These shows truly exemplified the power of the Phish community. People from across the country came together for 13 nights of pure, unforgettable magic, and together we witnessed phenomena that cannot be easily described in words. The loyalty of this powerful community was showcased in ways unlike it ever has been before: either you took off work for 3 weeks and flew to NYC to see all 13 shows, or you didn’t take off work and suffered through 4 hours of sleep on those week night shows because you knew that it was all worth it, or you fell somewhere in between, where you may not have made it to every show, but you damn well did what you could to see as many as you could. And that is what is so spectacular about this run. No matter how you did it, you were part of it.
The Baker’s Dozen could not have been possible without the love and support of this community, and I could feel from the shows I attended that everyone in attendance, despite the world gone mad, was legitimately vibrating with love and light.
But of course, there is an equally if not greater side to the equation than just the phans, and that is the band itself. What did this Baker’s Dozen gig really say about the band? That they have a lot of songs? That they have fans willing to spend all their money to come see them 13 nights in a row? That they really like doughnuts? While the answer is definitely yes to all of those, this run signified something greater. It was a way for the band to thank us for that support, and a powerful statement to say “We’re here, and we are not going anywhere.” They know how the phans work, they understand the community, and this was a way for them to show us that they hear us loud and clear, and that they wanted to give back to us. I feel I was given an absolutely enlightening experience that I will never forget, and for that I again thank the band, and each and every person whom came out to the shows.
If you were lucky enough to make it to all 13 nights, you have probably seen almost every single song in rotation that you ever could want to see. You got your "Esther," "Forbin's/Mockingbird," "Harpua" (not to mention all in one night), "Tela," "Sanity," and just so much more.

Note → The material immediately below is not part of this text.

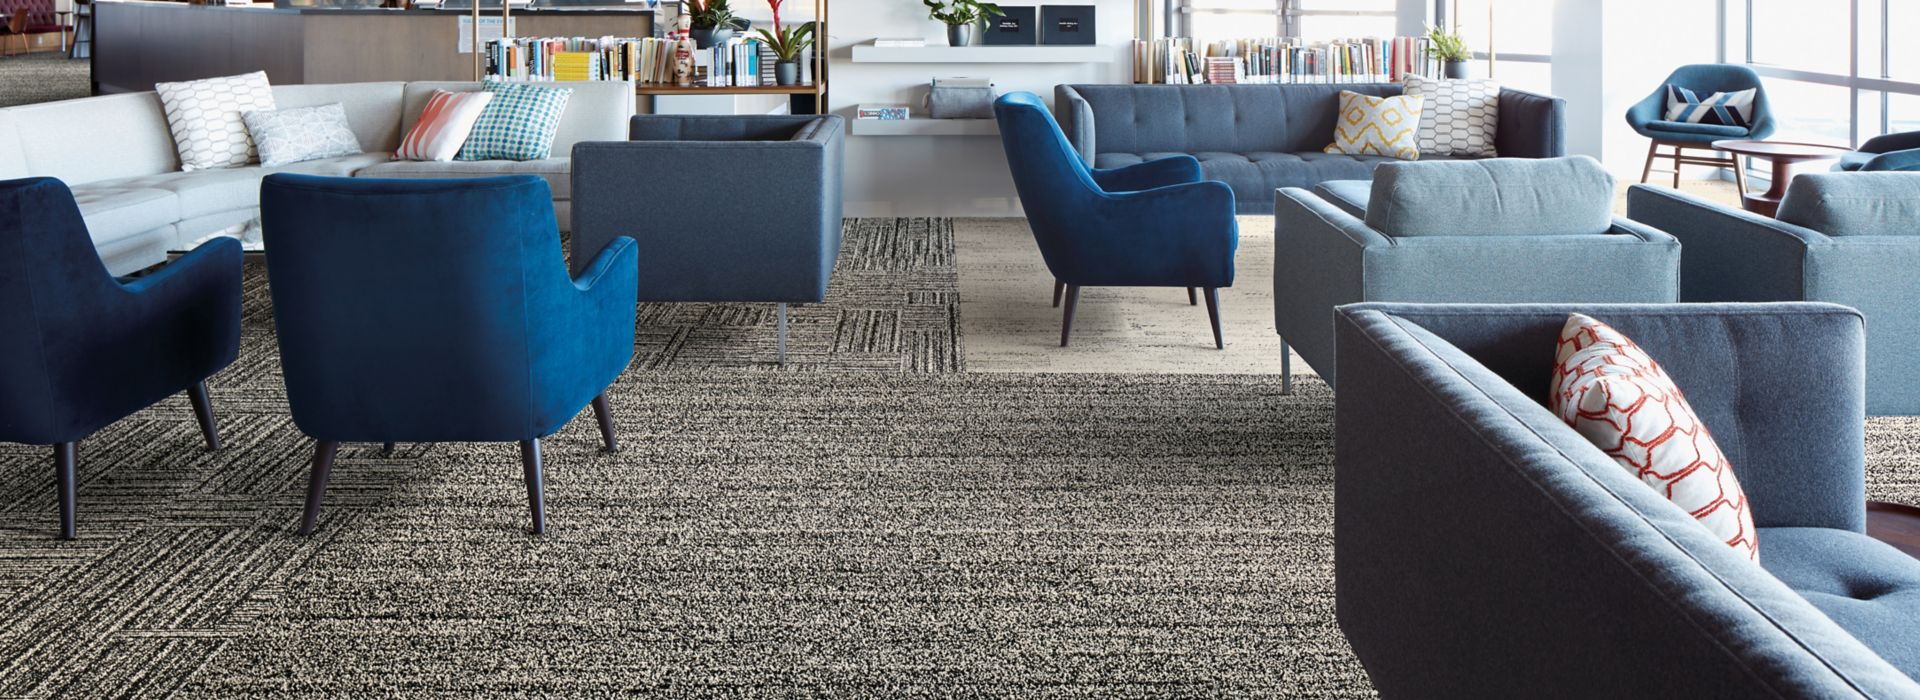 Interface Overedge plank carpet tile in open lounge area with chairs and couches

And of course there are the songs that certainly are not in rotation, like the two or more debuts every single night, or the incredible bust-outs, like "1999" and "Cinnamon Girl." Lest I forget about all the record-setting performances of a number of songs, each and every night; longest "Tube" of 3.0, longest "It’s Ice," longest "Lawn Boy" (arguably the best jam of all time, period), longest "Mike’s Song" of 3.0, longest "Swept Away" ever, the list goes on, and on, and on. Whichever song you were chasing, if you hit the whole run you saw it. Whatever songs you heard before, you heard them again in ways you never expected to hear them. What this does is not only put notches on the belts of stat-chasers, but also unifies us all by allowing us to say, “Yep, I was at the Baker’s Dozen, and it was f*****g awesome.”

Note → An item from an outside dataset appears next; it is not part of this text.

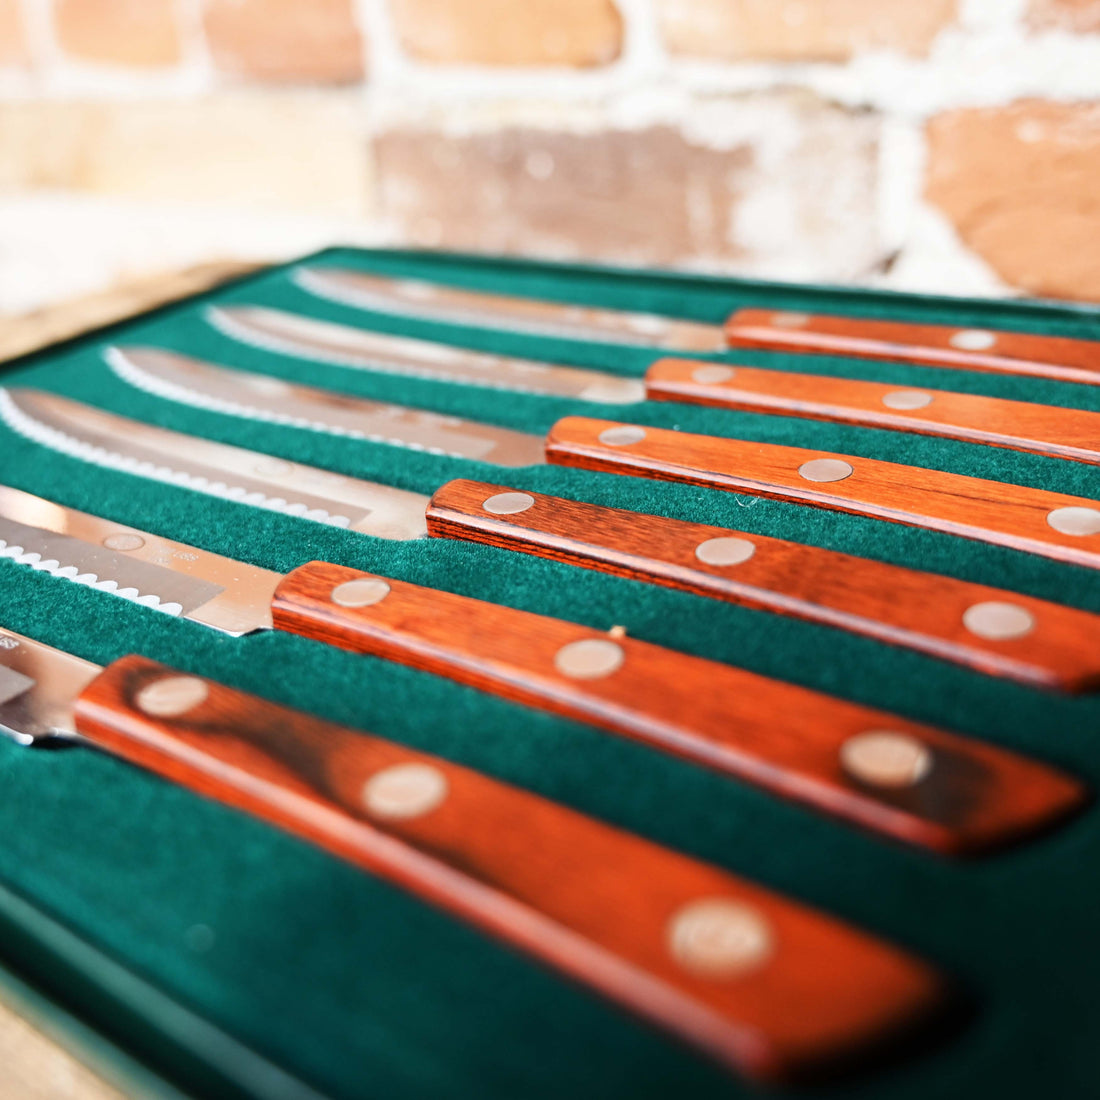 Rosewood Steak Knives view of knives

There are the shows that you hear others talk about that you just wish you were there for but weren’t, like Big Cypress, Island Tour, basically anything from ‘97 and ‘98, and you, if you are like me, sometimes felt left out. No more is this the case: this run united all phans of all ages and all experiences, and it closed the gap between “jaded vets” and “chompers” into one, sound, harmonious community. I can already tell in the years to come, when you enter whichever venue you may be at, and you begin to find new partners in crime for the evening, you will always have at least one piece of common ground: the Baker’s Dozen.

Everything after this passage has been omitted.